Short 06 · 2026-06-10 · Oracle · policy expectations

Does the curve know the next MPC move? An oracle from bias-corrected forwards and minutes tone

A fixed-weight blend of the BRW bias-corrected policy path and the hawkish-dovish tone of the MPC minutes predicts the direction of NBP reference-rate moves out of sample: a 94% hit rate at three months, an out-of-sample forecast skill of 0.43 against a random walk, with the minutes leg statistically significant at the meetings horizon.

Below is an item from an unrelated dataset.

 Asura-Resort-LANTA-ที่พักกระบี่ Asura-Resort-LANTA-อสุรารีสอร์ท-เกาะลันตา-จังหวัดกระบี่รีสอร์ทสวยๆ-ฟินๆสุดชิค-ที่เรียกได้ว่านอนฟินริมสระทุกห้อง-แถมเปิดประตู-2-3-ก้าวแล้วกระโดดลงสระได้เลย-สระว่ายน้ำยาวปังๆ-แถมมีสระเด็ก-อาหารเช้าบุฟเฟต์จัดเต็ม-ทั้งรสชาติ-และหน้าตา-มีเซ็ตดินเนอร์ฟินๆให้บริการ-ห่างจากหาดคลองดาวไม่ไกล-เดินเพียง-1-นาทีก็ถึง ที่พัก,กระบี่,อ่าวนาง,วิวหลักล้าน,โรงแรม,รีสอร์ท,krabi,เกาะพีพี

The most common way to read policy expectations off a yield curve is also the most misleading one. Raw NSS forwards embed term premium, so they overstate the priced tightening at every horizon and at every point of the last two decades of Polish data. The clean object is the expected short-rate path from an affine term-structure model: here the Adrian-Crump-Moench five-factor decomposition with the Bauer-Rudebusch-Wu small-sample bias correction applied to the VAR persistence, converted to one-month forwards. The cumulative move it implies at a given horizon, expressed in basis points against the current reference rate, is the market leg of the index.

The second leg comes from the MPC's own words. Every set of minutes since 2007 is scored with a custom hawkish-dovish lexicon, and the net tone, hawkish minus dovish over their sum, lands in [-1, 1] per meeting. Minutes are published with a lag of roughly a month, so the backtest only lets a meeting's tone enter the information set thirty days after the meeting date. The display version of the index tolerates the small look-ahead, the test version does not.

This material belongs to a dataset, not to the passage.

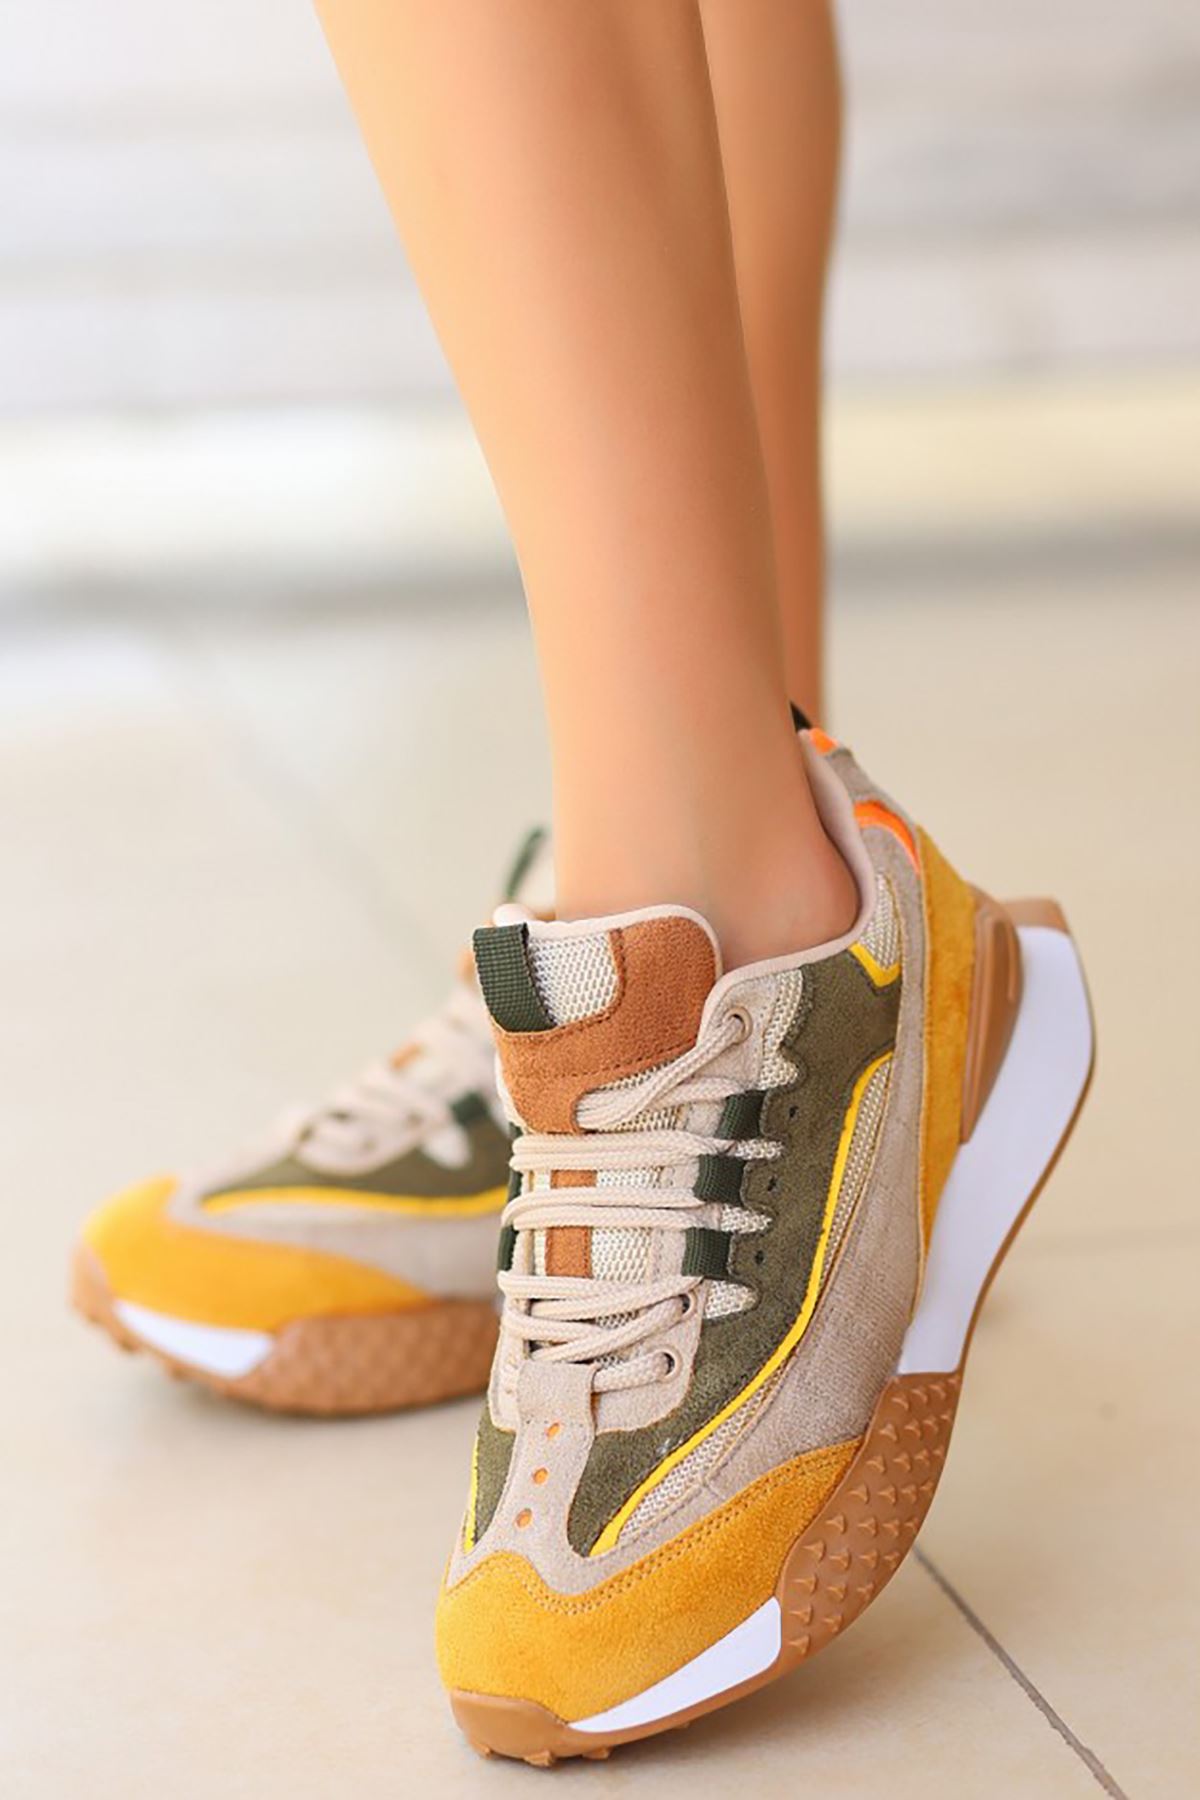 Mida Shoes ERBJeyar Hardal Yeşil Deri Bağcıklı Kadın Spor Ayakkabı

The Oracle index is then deliberately naive: 0.70 times the market leg (the implied three-month move divided by the 25 bp step size, clipped to one move) plus 0.30 times the latest available net tone, mapped linearly to probabilities of a cut, a hold and a hike over the next quarter. The weights are a choice, not an estimate, which is exactly what keeps the out-of-sample evaluation honest.

Figure · Oracle score vs the NBP staircase, last ten years

-100 -40 0 +40 +100 0 2 4 6 2018 2020 2022 2024 2026 oracle score reference rate, % oracle score (LHS) NBP reference rate (RHS)

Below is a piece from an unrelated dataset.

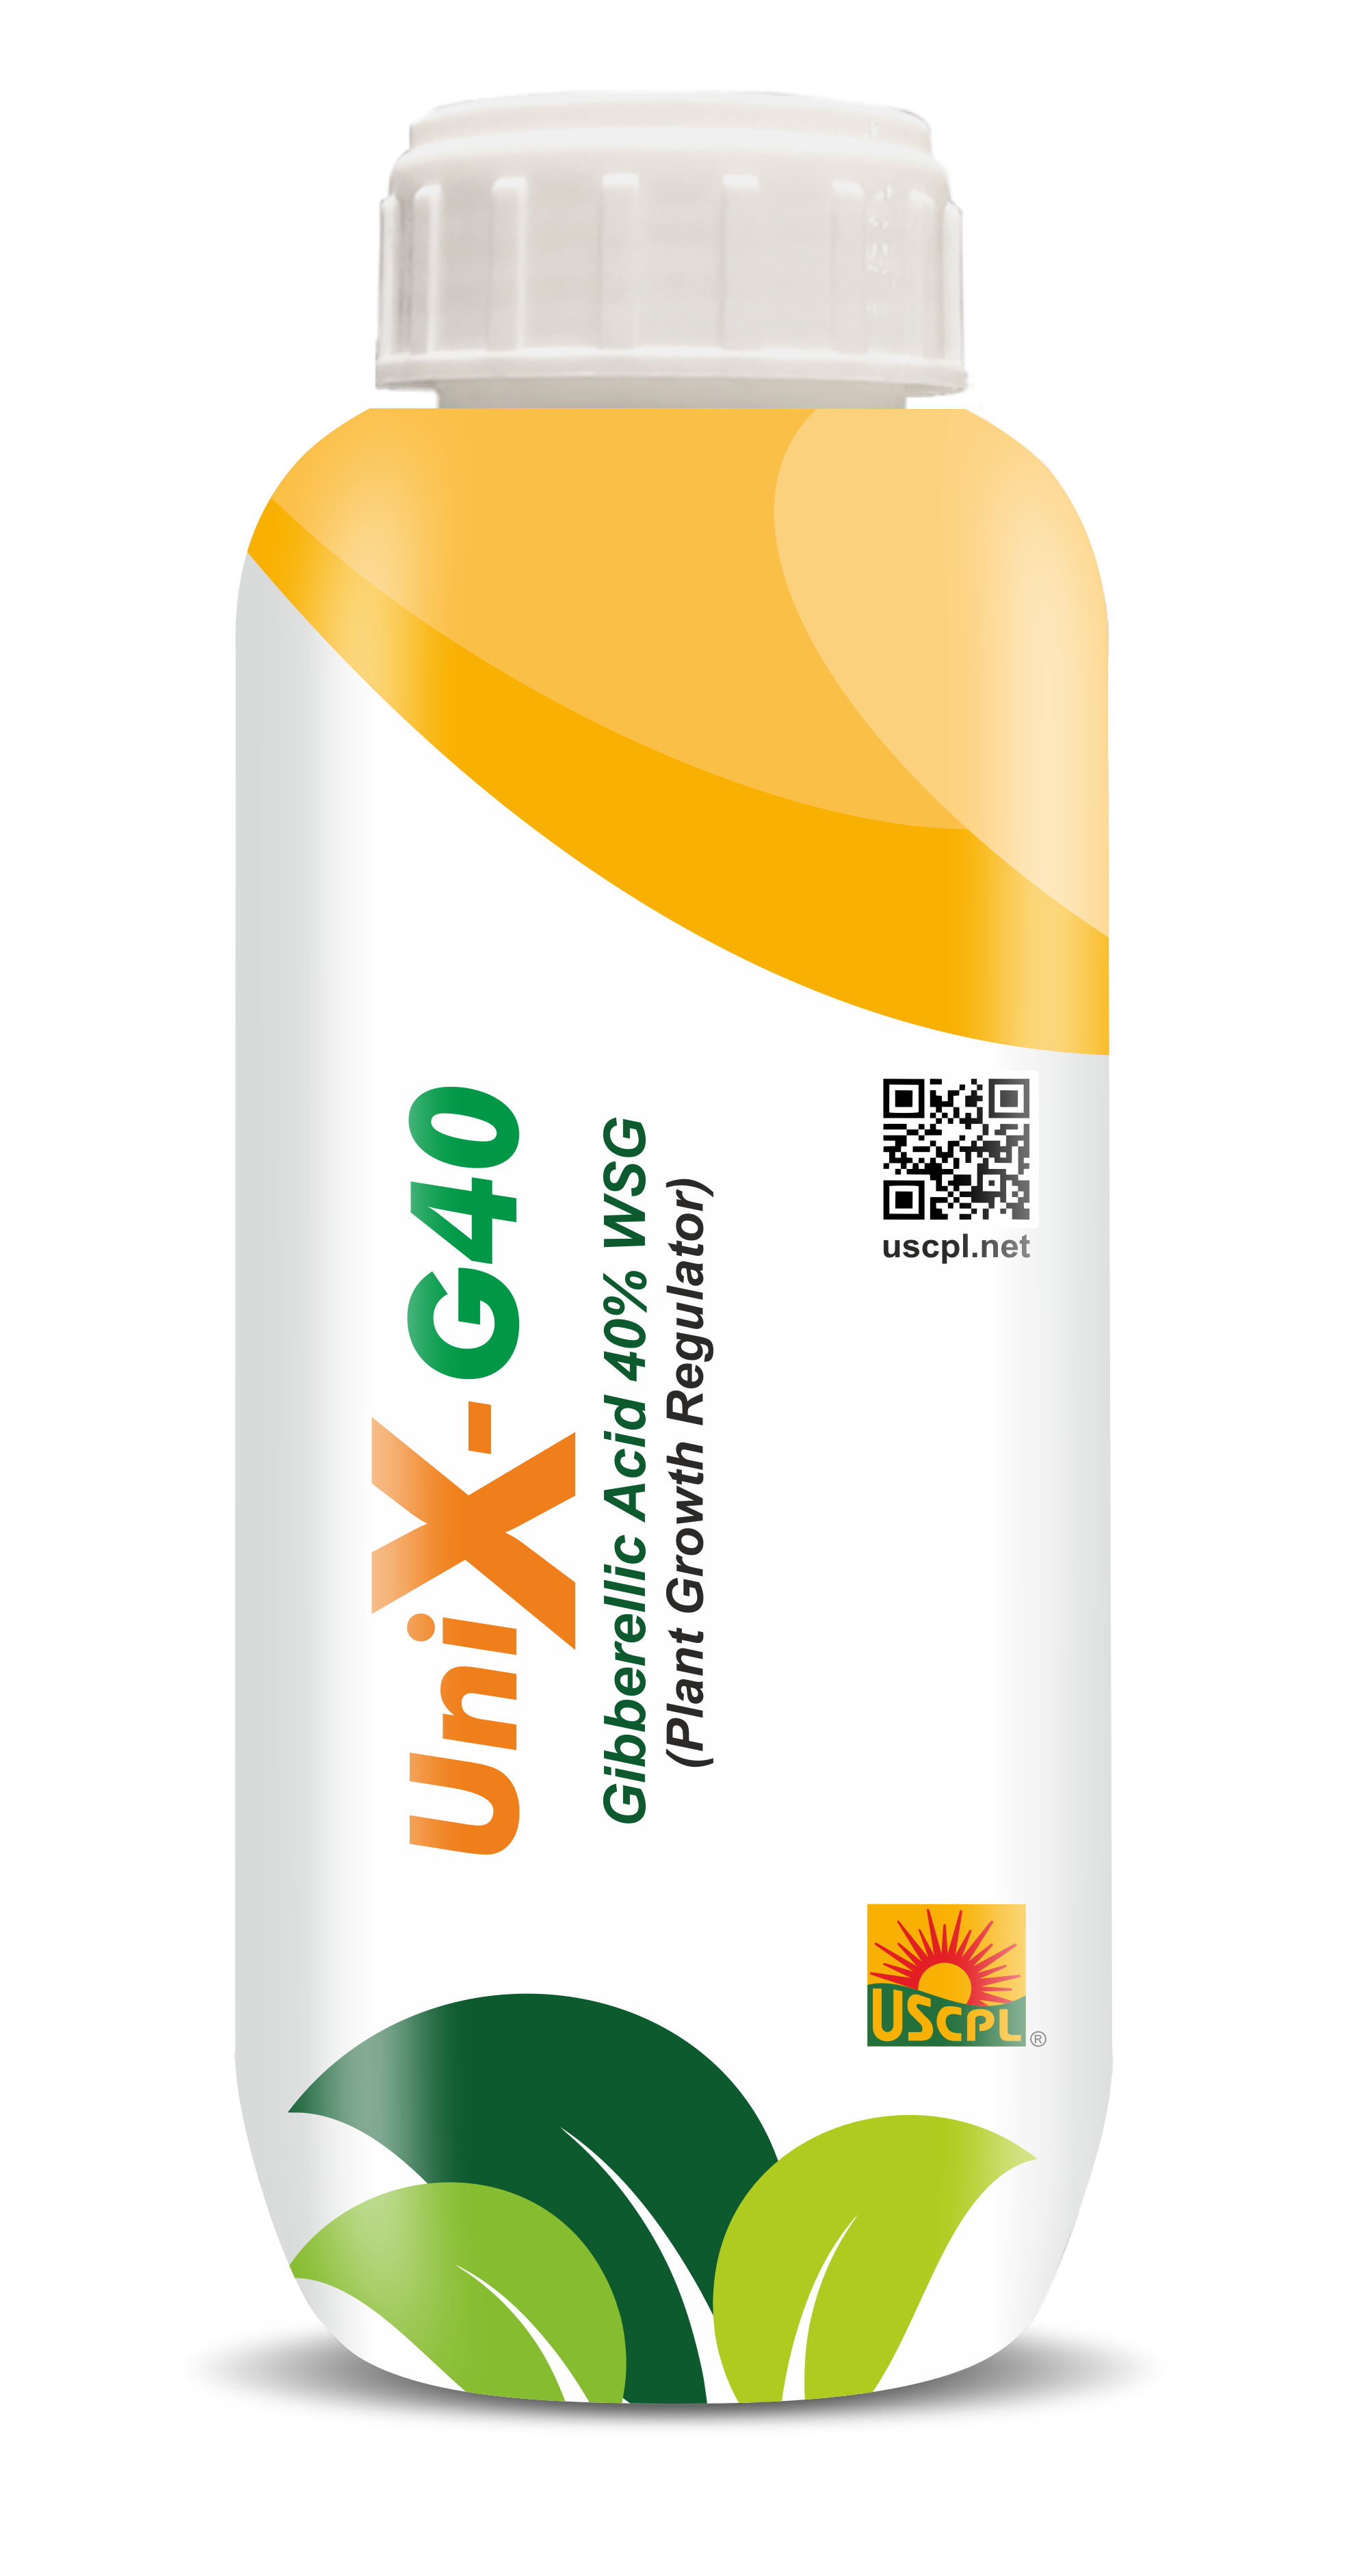 UniX-G40

Oracle score (left axis, [-100, +100] scale) at month-end snapshots, June 2016 to June 2026, with the NBP reference rate stepped on the right axis. Shaded bands mark the stance zones, LOOSENING below -40 and TIGHTENING above +40. Generated from the same snapshot panel as the dashboard, where the full 2005-2026 history is available under a time slider.

HorizonMZ β (t)Wald a=0, β=1, pTone t (IS)Skill, rawCW t, tone (OOS)Hit rate, moves
3 months1.19 (4.1)0.424.50.433.394%
6 months1.10 (3.5)0.693.90.452.884%
12 months1.01 (3.3)0.922.50.341.275%

"Skill, raw" is the out-of-sample R² of the raw model path against a random-walk benchmark (Campbell-Thompson): positive means lower squared forecast error than assuming no change. MZ = Mincer-Zarnowitz, CW = Clark-West.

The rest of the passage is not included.